## Your objective
Each line below is to be copied exactly; images do not go into the copy.

BEGIN Source material

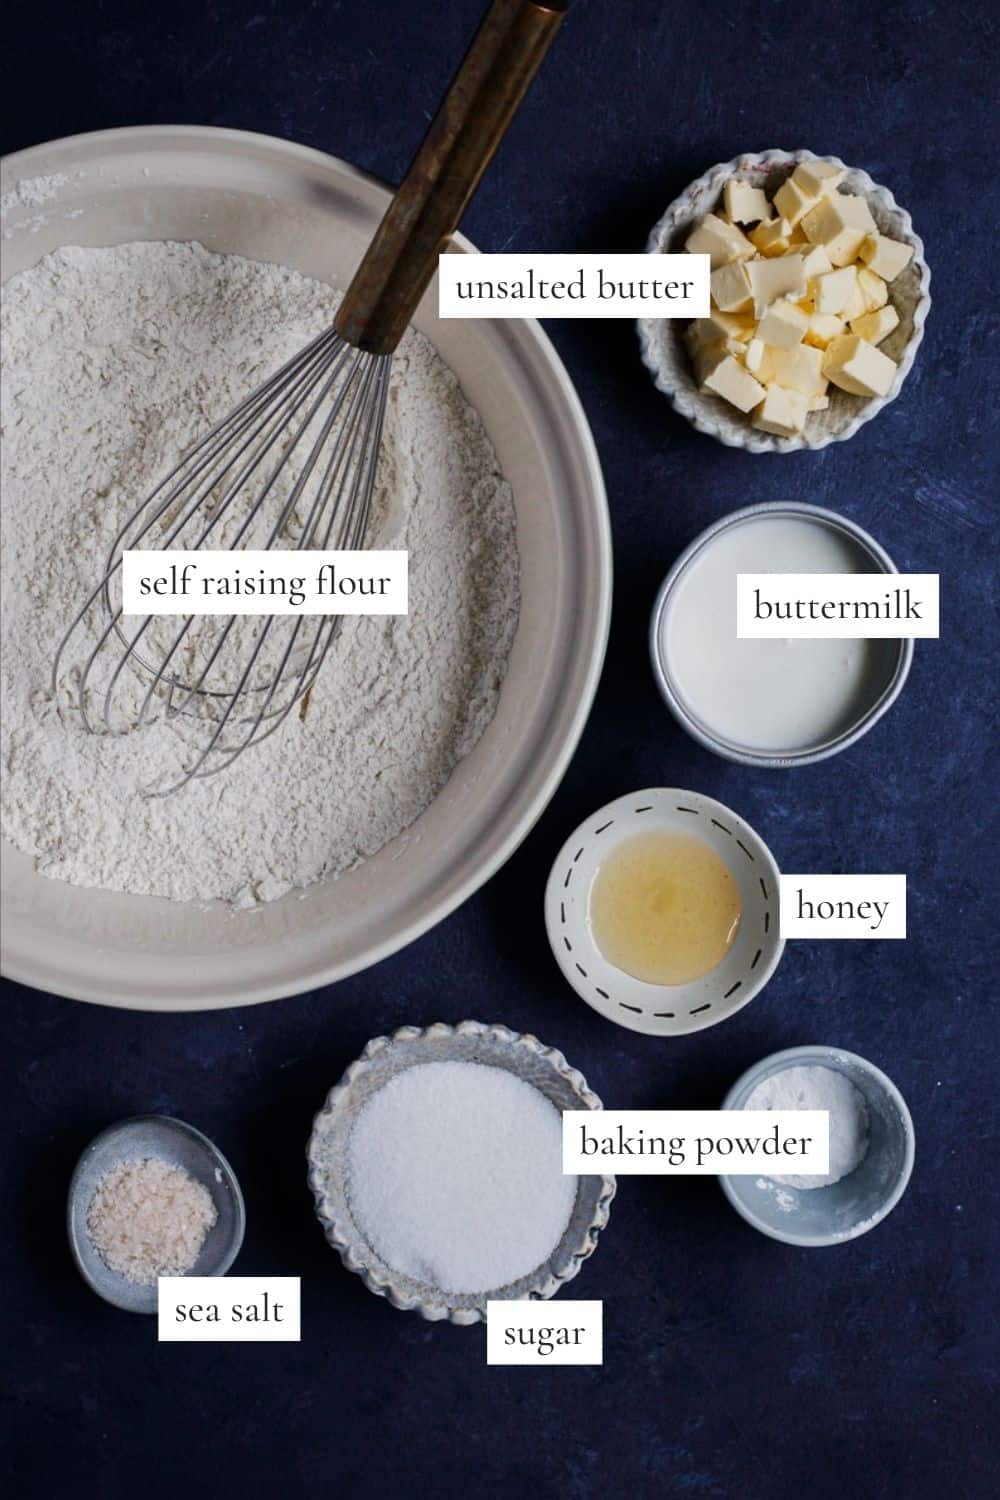 All the ingredients you need to make this Irish buttermilk scones recipe.
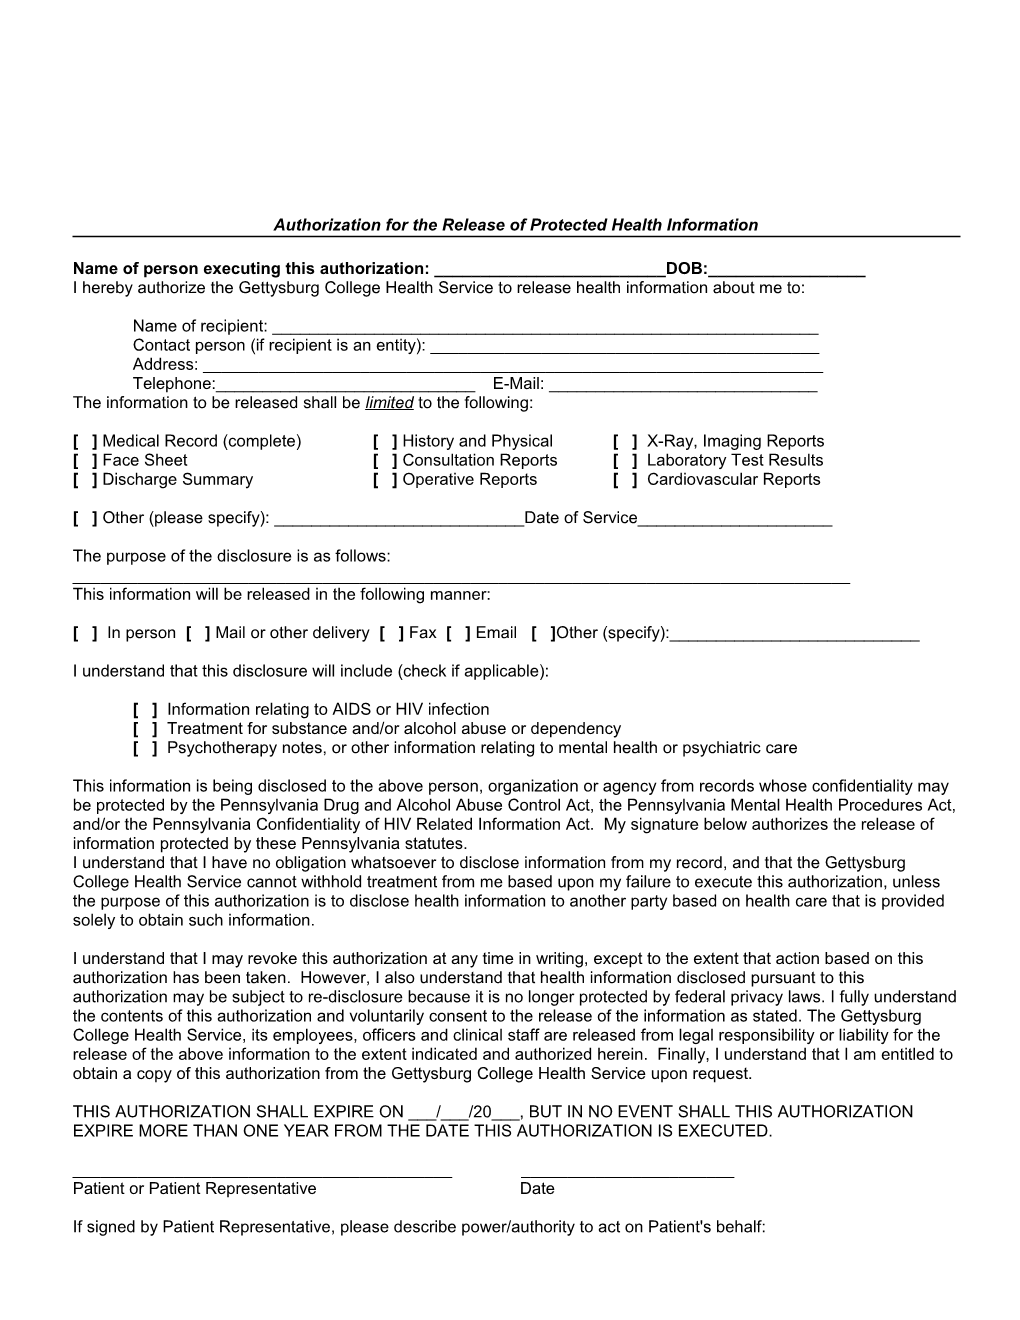 HC General Authorization Form (A485667;1)
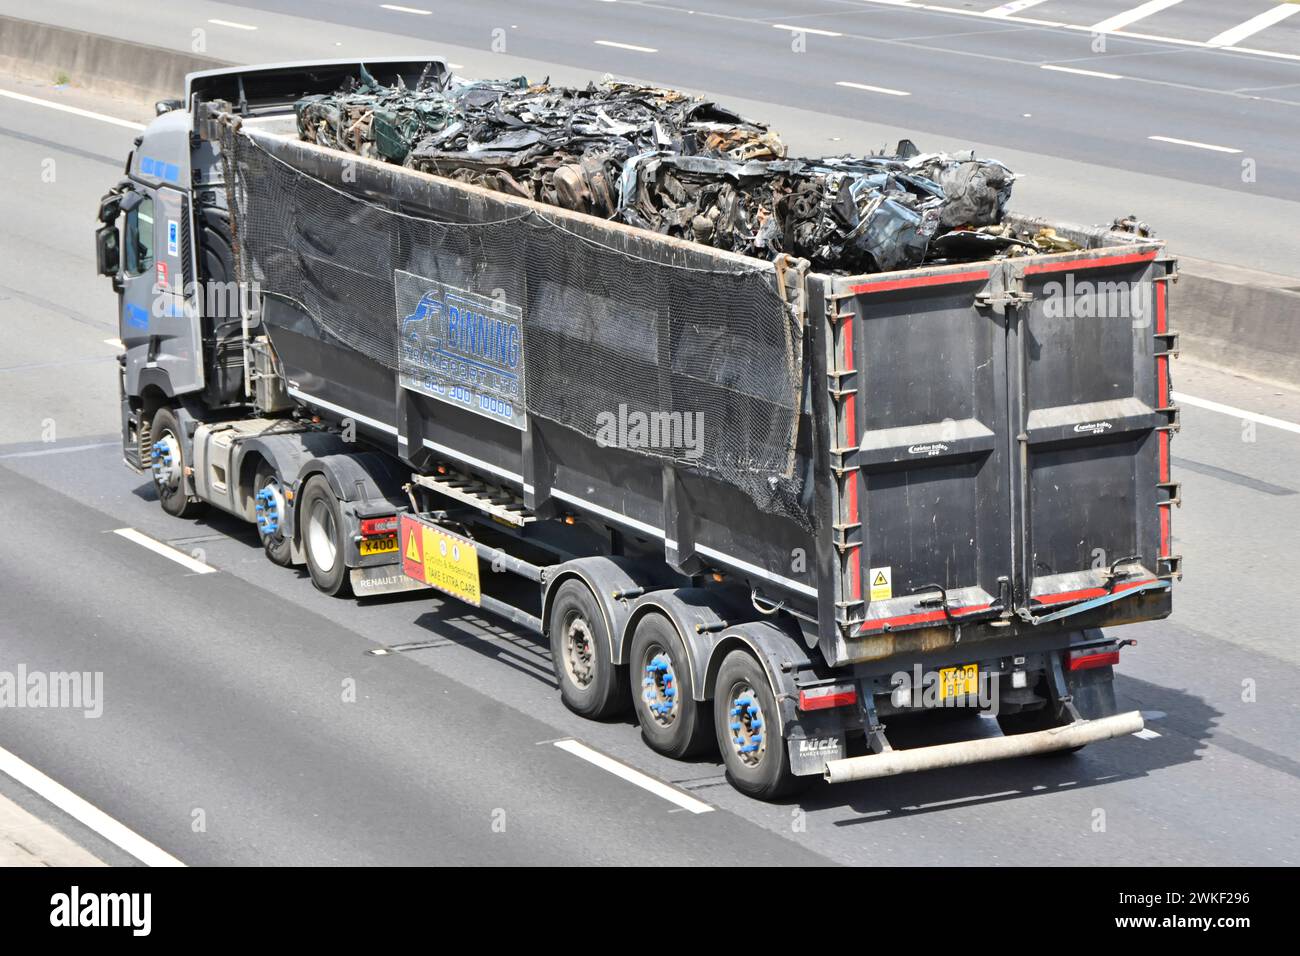 Renault hgv lorry in motion open top tipping semi trailer truck combination aerial side back rear view load of scrap metal on M25 motorway England UK Stock Photo
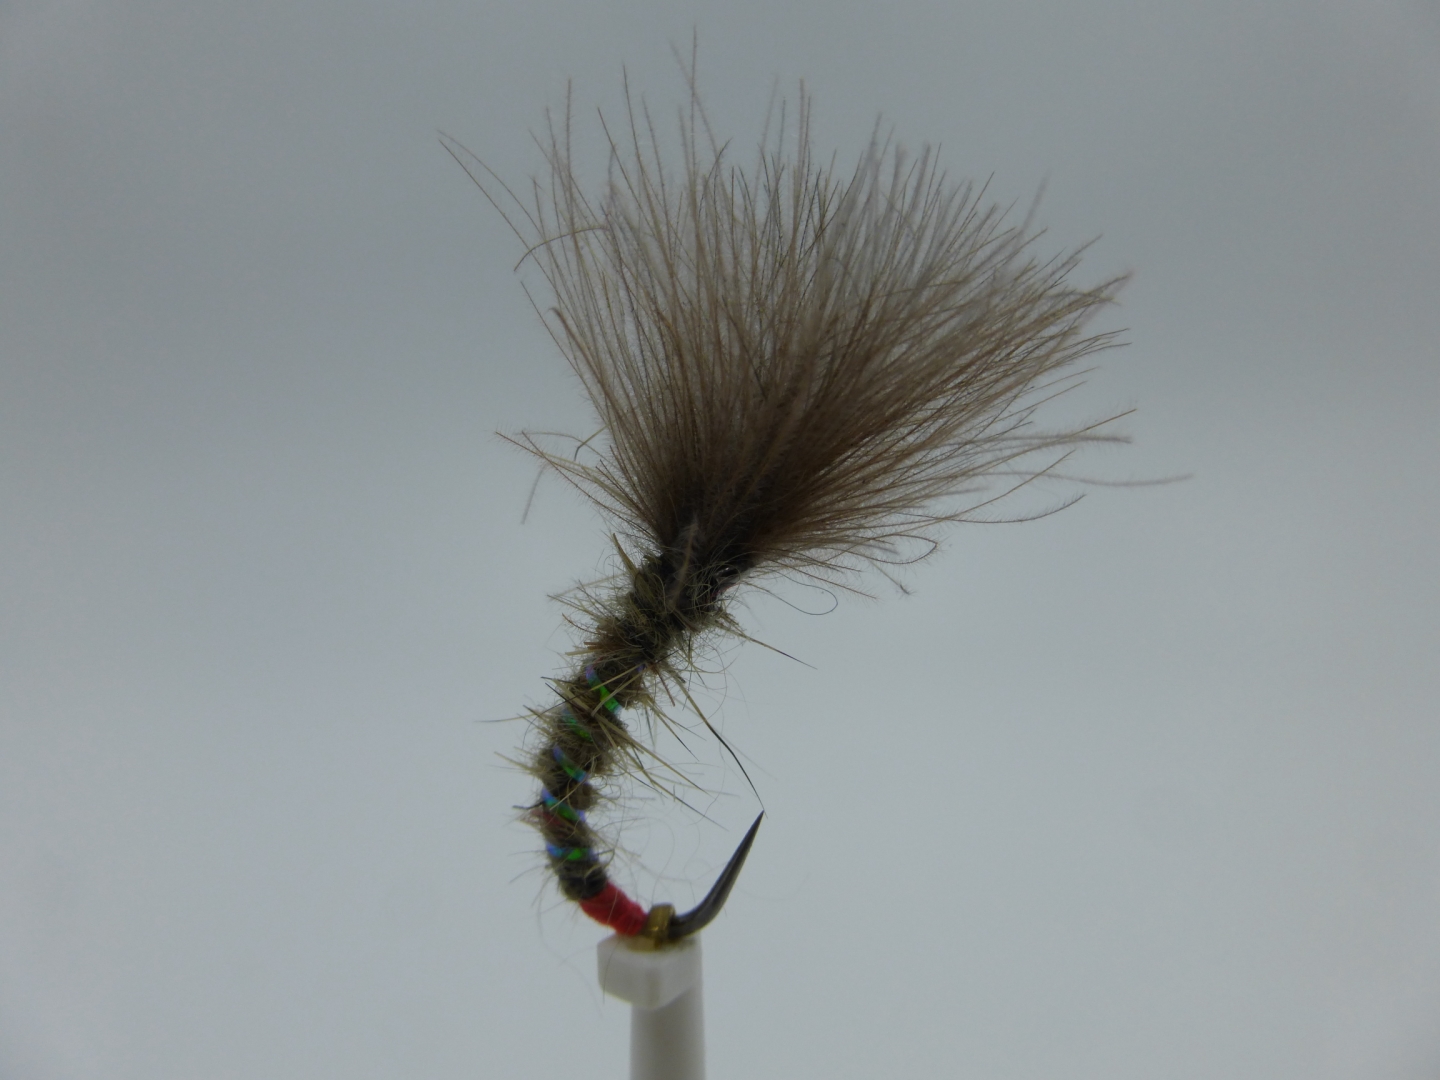 Size 14 CDC Owl Hare,s Ear Barbless

END Source material

## Exercise response
 All the ingredients you need to make this Irish buttermilk scones recipe.
 HC General Authorization Form (A485667;1)
 Renault hgv lorry in motion open top tipping semi trailer truck combination aerial side back rear view load of scrap metal on M25 motorway England UK Stock Photo
 Size 14 CDC Owl Hare,s Ear Barbless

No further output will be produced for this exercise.